Table of Contents

CloudClaw: A Recoverable Execution Substrate for Multi-Tenant LLM Agents

Jinyao Liu (刘晋尧)2026-04-13LLM, Agent, Scheduling

As large language model (LLM) agents evolve from prompt-based systems into autonomous multi-step executors, a new class of system challenges emerges: how to reliably execute large numbers of long-running, multi-tenant agent tasks in cloud environments.

Existing approaches based on container orchestration are insufficient to meet these requirements.

The Problem

In real deployments, there is also a hard infrastructure constraint that is often overlooked: a single host machine can only run a limited number of containers at the same time.

This limit comes from CPU, memory, file descriptors, process scheduling overhead, container runtime limits, and overall system stability. As the number of users grows, a naive “one task, one fresh container” approach quickly hits a scaling bottleneck. Even before GPU or model inference becomes the dominant constraint, the host may already be unable to create or sustain more isolated execution environments.

This creates a fundamental serving problem: how can a system support more concurrent users when the number of execution containers per host is inherently limited?

Modern LLM agents such as OpenCode, OpenClaw, and Claude Code are capable of planning, tool usage, and environment interaction. These capabilities transform LLM usage from simple request-response patterns into long-running execution workflows.

However, current systems face several fundamental limitations.

Cold-Start Overhead

Container-based execution typically launches a new runtime for each task, introducing significant cold-start latency and limiting throughput under concurrent workloads.

Lack of Recoverability

Failures during execution often result in complete task loss. There is no standard mechanism to recover intermediate state or resume execution.

Weak Multi-Tenant Isolation

In multi-user environments, tasks may interfere with each other through shared resources such as filesystems, leading to correctness and security issues.

Tight Coupling Between Logic and Execution

Agent logic is often tightly coupled with execution environments, making it difficult to support multiple runtimes or evolve system architecture.

CloudClaw: Core Idea

CloudClaw is a recoverable execution substrate designed for multi-tenant LLM agents.

Its core principle is to decouple agent logic from execution management.
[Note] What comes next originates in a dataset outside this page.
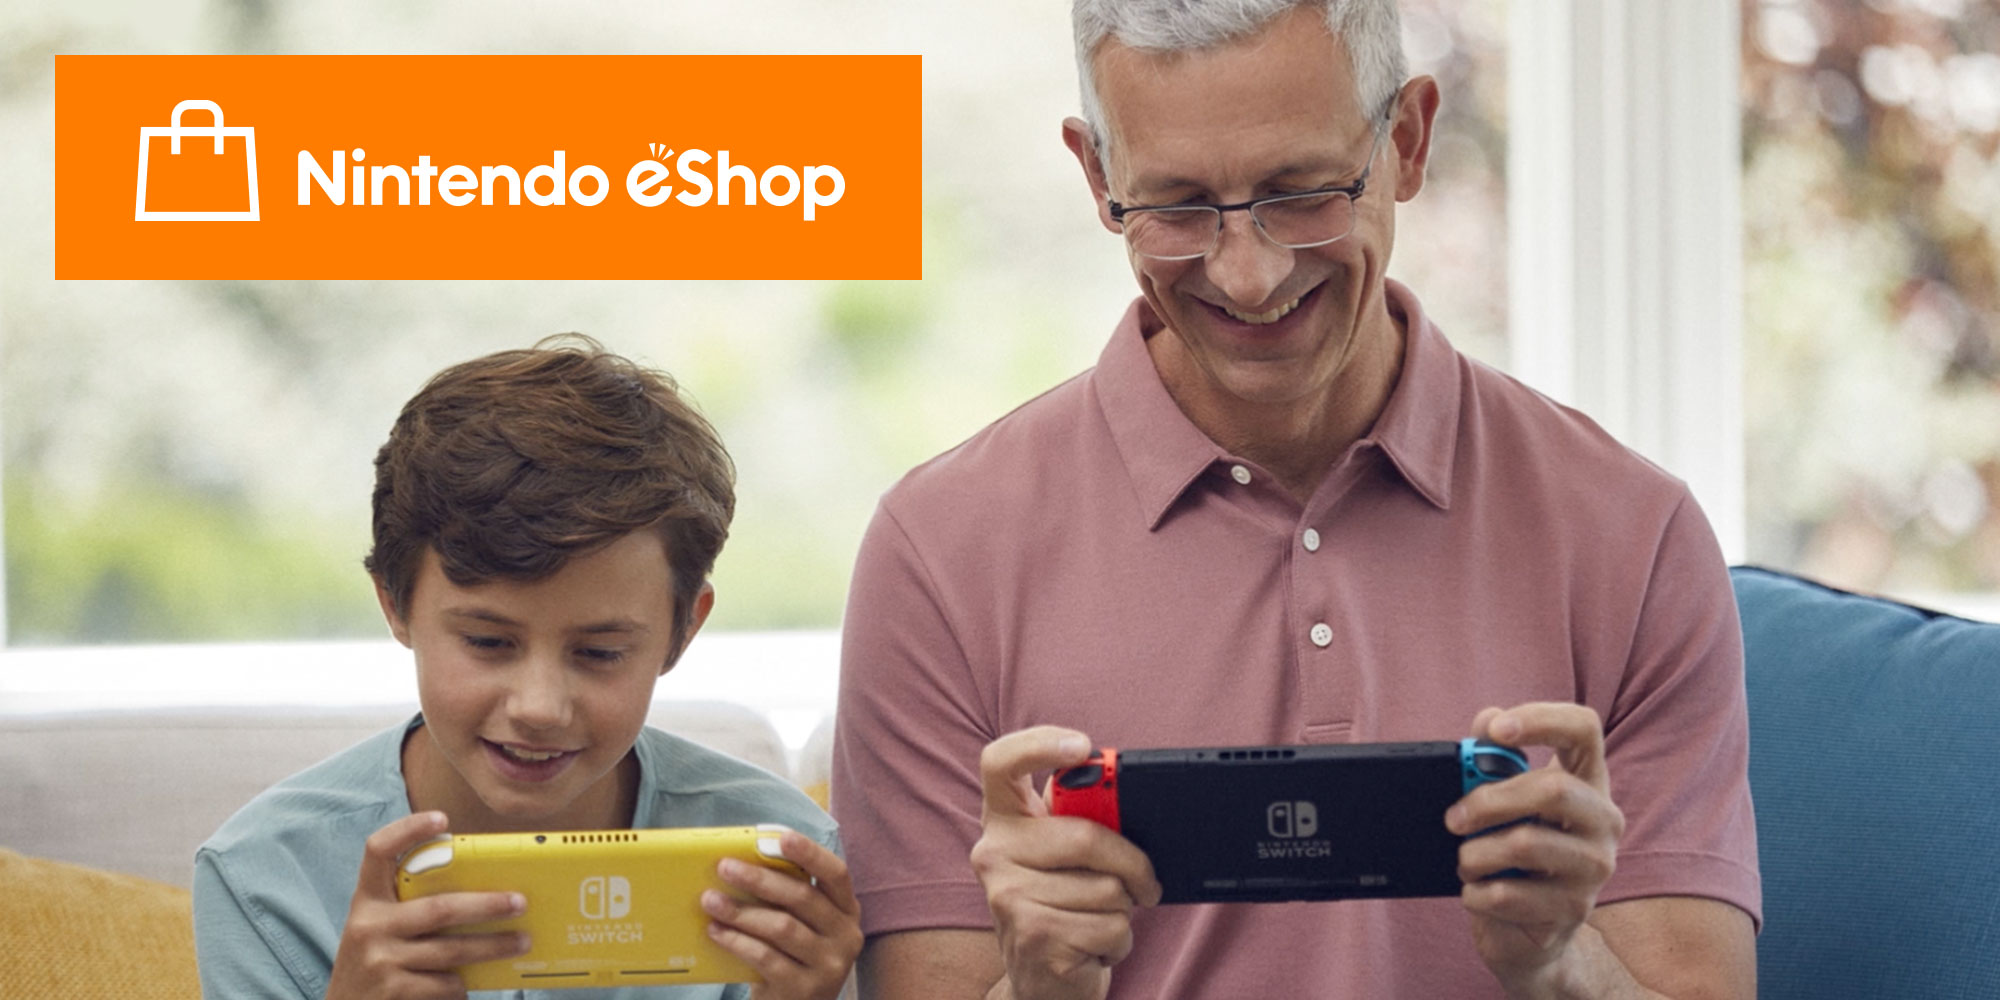 Go digital with Nintendo eShop on Nintendo Switch!

Instead of increasing container count, CloudClaw focuses on increasing effective utilization of a fixed execution pool.

This allows CloudClaw to provide:

Persistent task scheduling
Fault-tolerant execution
Strong workspace isolation
Unified runtime abstraction
Structured result delivery

System Architecture

CloudClaw is organized into three logical planes:

Control Plane

The control plane is responsible for:

Task scheduling
Lease-based task ownership
Heartbeat monitoring
Failure recovery
Result persistence

Runtime Plane

The runtime plane encapsulates heterogeneous agent runtimes through a unified interface.
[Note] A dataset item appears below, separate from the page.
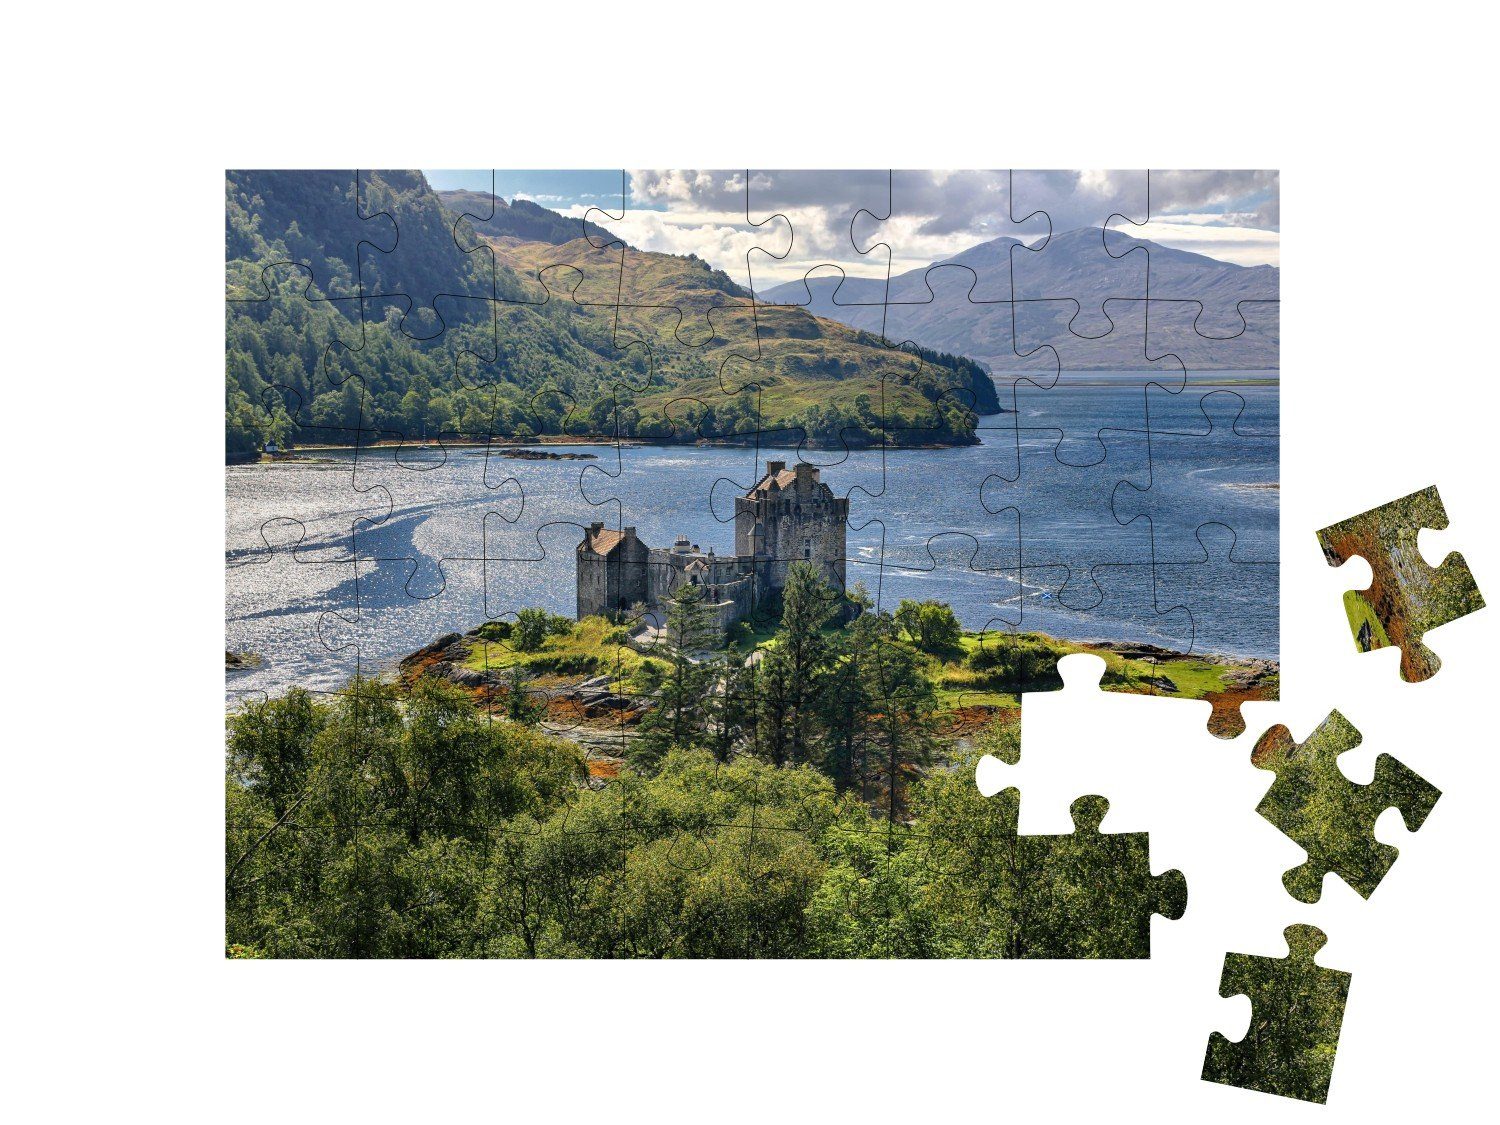 48 Eilean Puzzleteile, puzzleYOU Natur, Puzzle Festung puzzleYOU-Kollektionen Highlands, Schottland, Schottland Donan Castle,

Each runtime is managed via a pre-warmed execution pool, enabling fast task startup without repeated container initialization.

State Plane

The state plane maintains persistent system state, including:

Task metadata
Execution logs
Workspace snapshots
Final results

Key Design Mechanisms

Recoverable Execution

Tasks in CloudClaw follow a state machine:

QUEUED → RUNNING → SUCCEEDED / FAILED / CANCELED

Execution is governed by lease-based ownership and heartbeat monitoring.

If a worker fails, the lease expires and the task is automatically rescheduled. This ensures that no task is permanently lost.

Pre-Warmed Execution Pools

Instead of launching new containers per task, CloudClaw maintains pools of pre-initialized execution environments.

This significantly reduces queueing delay and improves throughput while staying within host limits.

Workspace Isolation and Persistence

Each task is executed in an isolated workspace.

CloudClaw enforces:

User-scoped file isolation
Protection against path escape (e.g., symlinks)
File size limits
Persistent state across tasks

Unified Runtime Abstraction

CloudClaw uses an adapter-based design to support multiple runtimes.

Core components include:

RuntimeAdapter for executing tasks
WorkspaceManager for managing execution environments
PoolAdapter for managing execution pools

Structured Result Delivery

Execution results are transformed into structured outputs and stored persistently.

This design decouples execution from result consumption.

Use Cases

Multi-Tenant Agent Platforms

CloudClaw enables reliable execution of large numbers of agent tasks across multiple users.

Large-Scale Agent Experimentation

Researchers can run concurrent experiments with reproducible workflows.

AI Automation Systems

CloudClaw supports long-running automation tasks such as code generation.

Multi-Runtime Deployment

Different agent runtimes can be integrated into a single system.

Conclusion

CloudClaw addresses a fundamental gap in current LLM agent infrastructure.

By introducing recoverable execution, persistent state management, and unified runtime abstraction, it enables reliable, scalable, and multi-tenant agent execution in cloud environments, even under strict container capacity constraints.